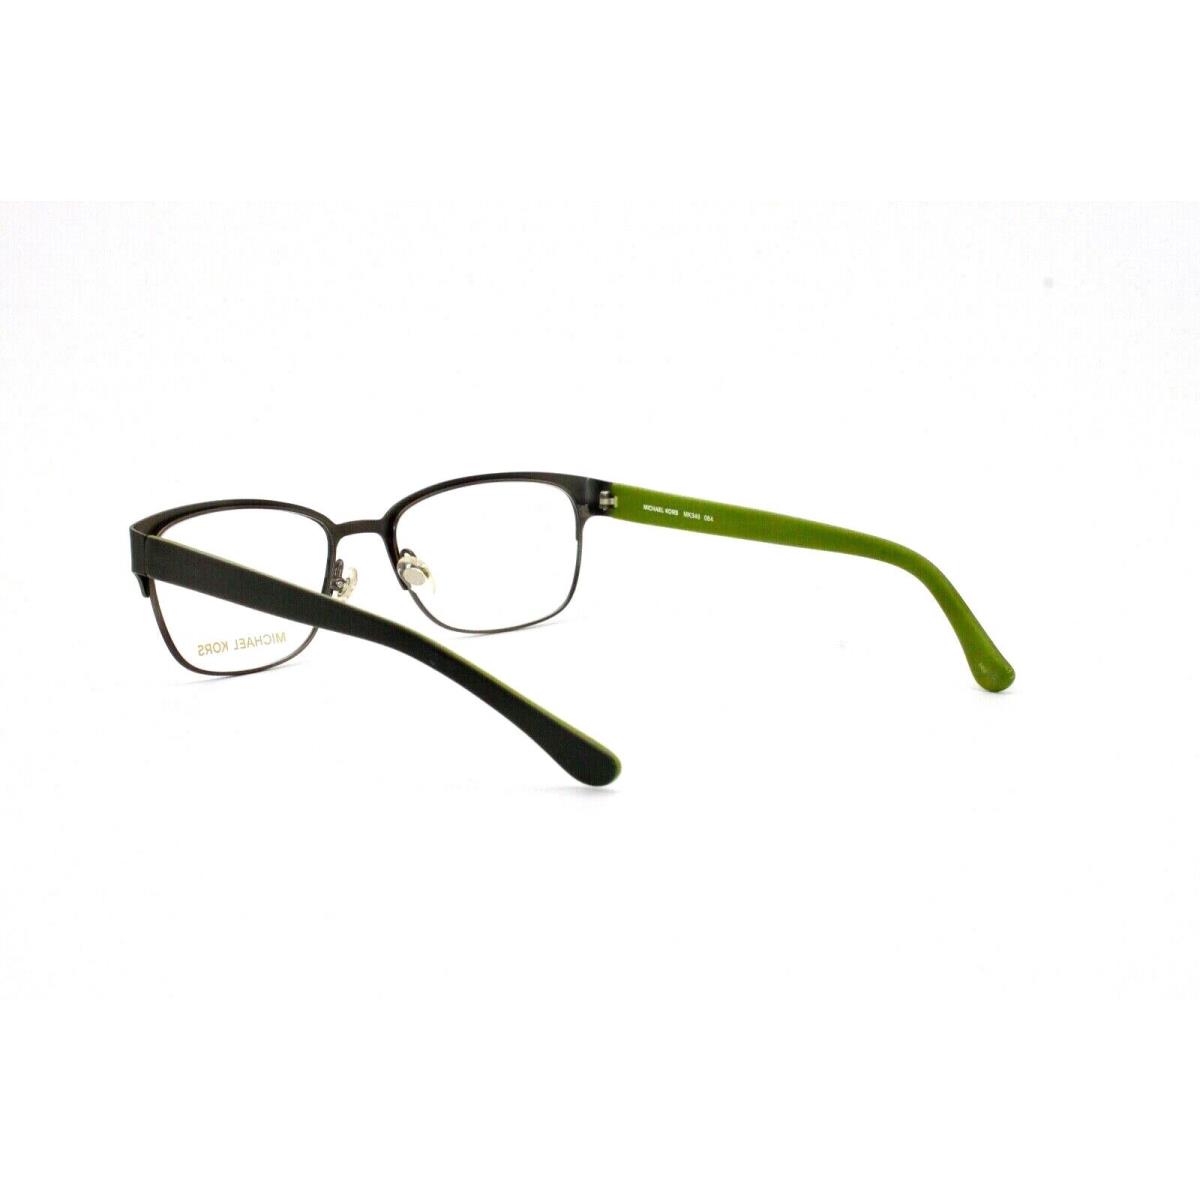 Michael Kors eyeglasses  - Green , Black Frame 2
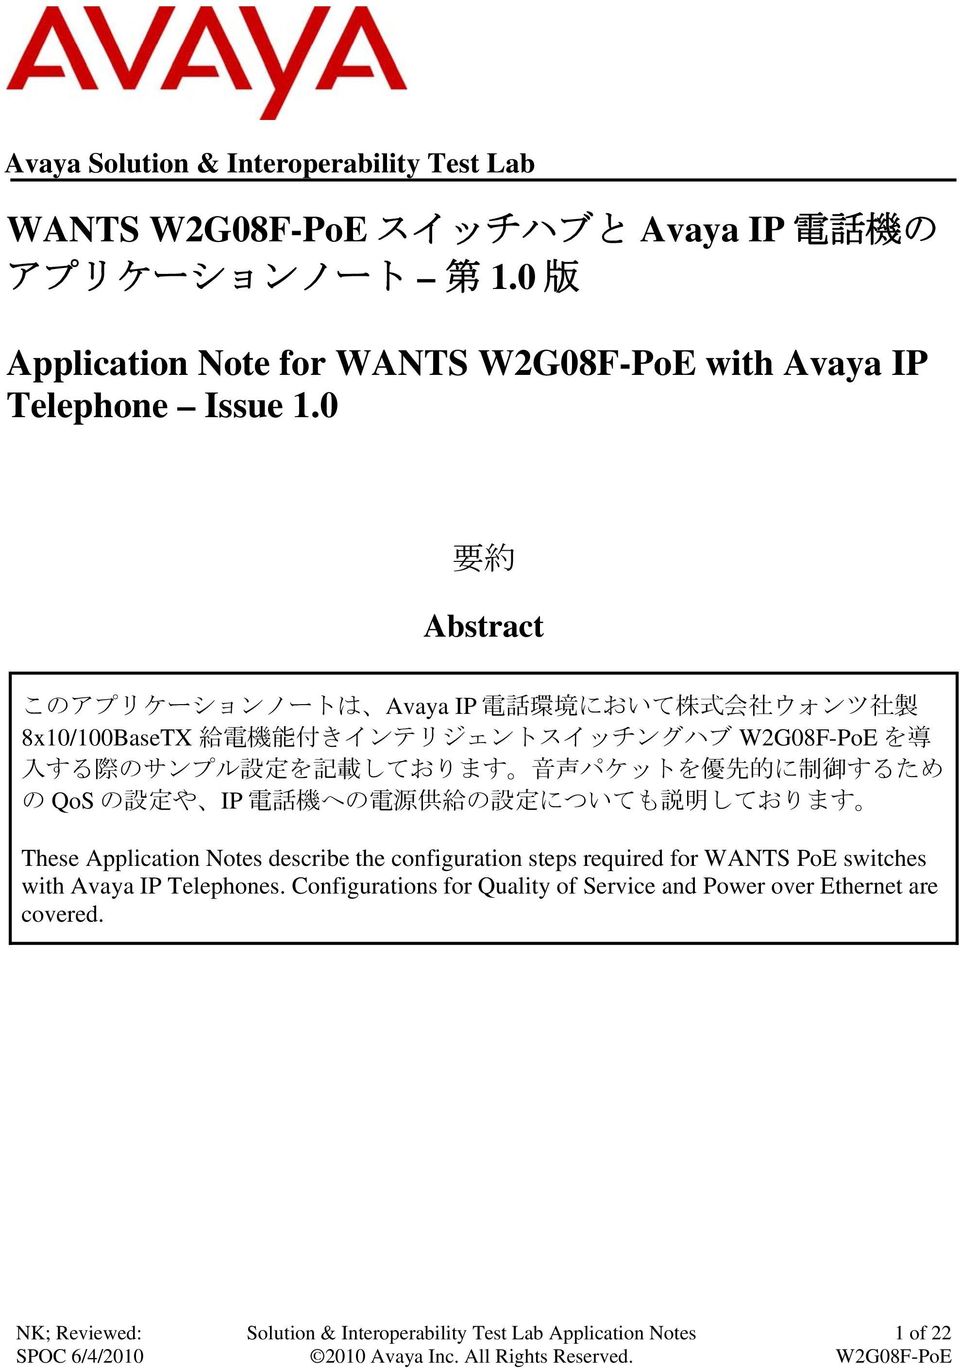 0 要 約 Abstract このアプリケーションノートは Avaya IP 電 話 環 境 において 株 式 会 社 ウォンツ 社 製 8x10/100BaseTX 給 電 機 能 付 きインテリジェントスイッチングハブ を 導 入 する 際 のサンプル 設 定 を 記 載
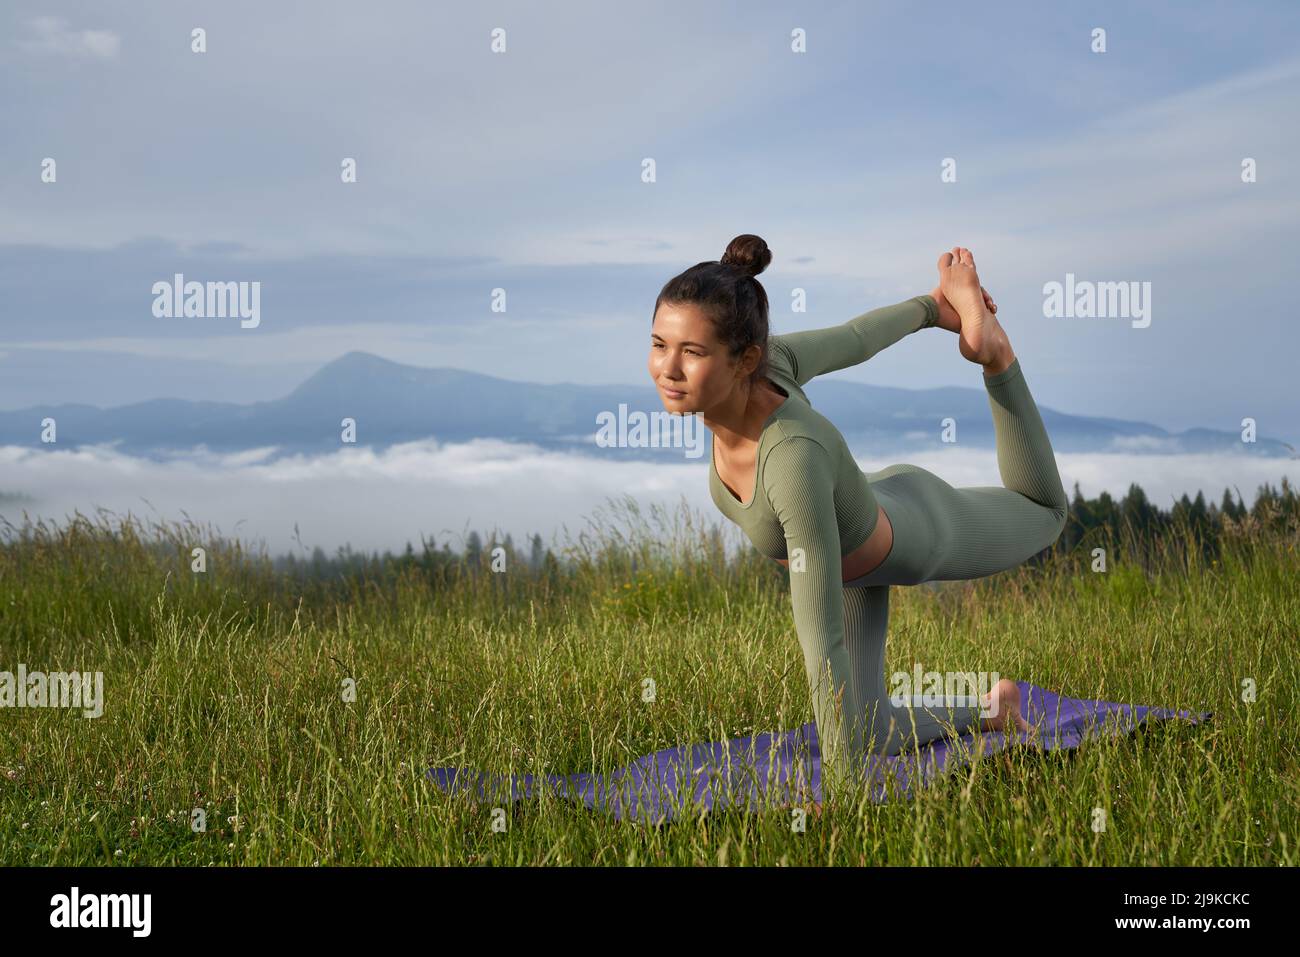 Attraktive Passform Frau in Sportkleidung, die das Gleichgewicht auf einem Knie hält, während sie das Bein im Freien dehnt. Hintergrund von schönen grünen Bergen. Stockfoto
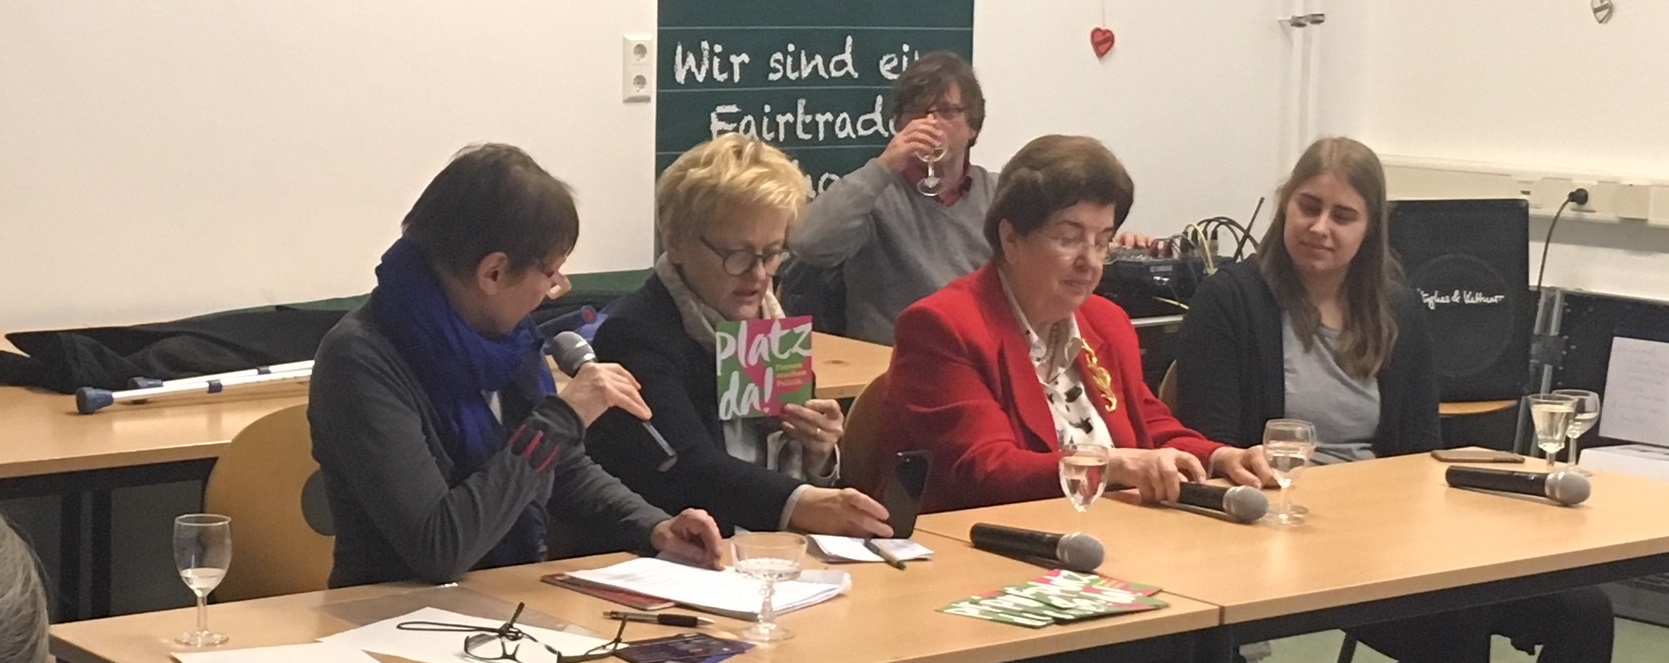 Lore-Maria Peschel-Gutzeit (85), Renate Künast (62) und June Tomiak (21) im Gespräch

> _Directions for this task_:
Word for word, quote the full listing, omitting every picture.

> _Output for this task_:
 Michael Kors eyeglasses  - Green , Black Frame 2
 0 要 約 Abstract このアプリケーションノートは Avaya IP 電 話 環 境 において 株 式 会 社 ウォンツ 社 製 8x10/100BaseTX 給 電 機 能 付 きインテリジェントスイッチングハブ を 導 入 する 際 のサンプル 設 定 を 記 載
 Attraktive Passform Frau in Sportkleidung, die das Gleichgewicht auf einem Knie hält, während sie das Bein im Freien dehnt. Hintergrund von schönen grünen Bergen. Stockfoto
 Lore-Maria Peschel-Gutzeit (85), Renate Künast (62) und June Tomiak (21) im Gespräch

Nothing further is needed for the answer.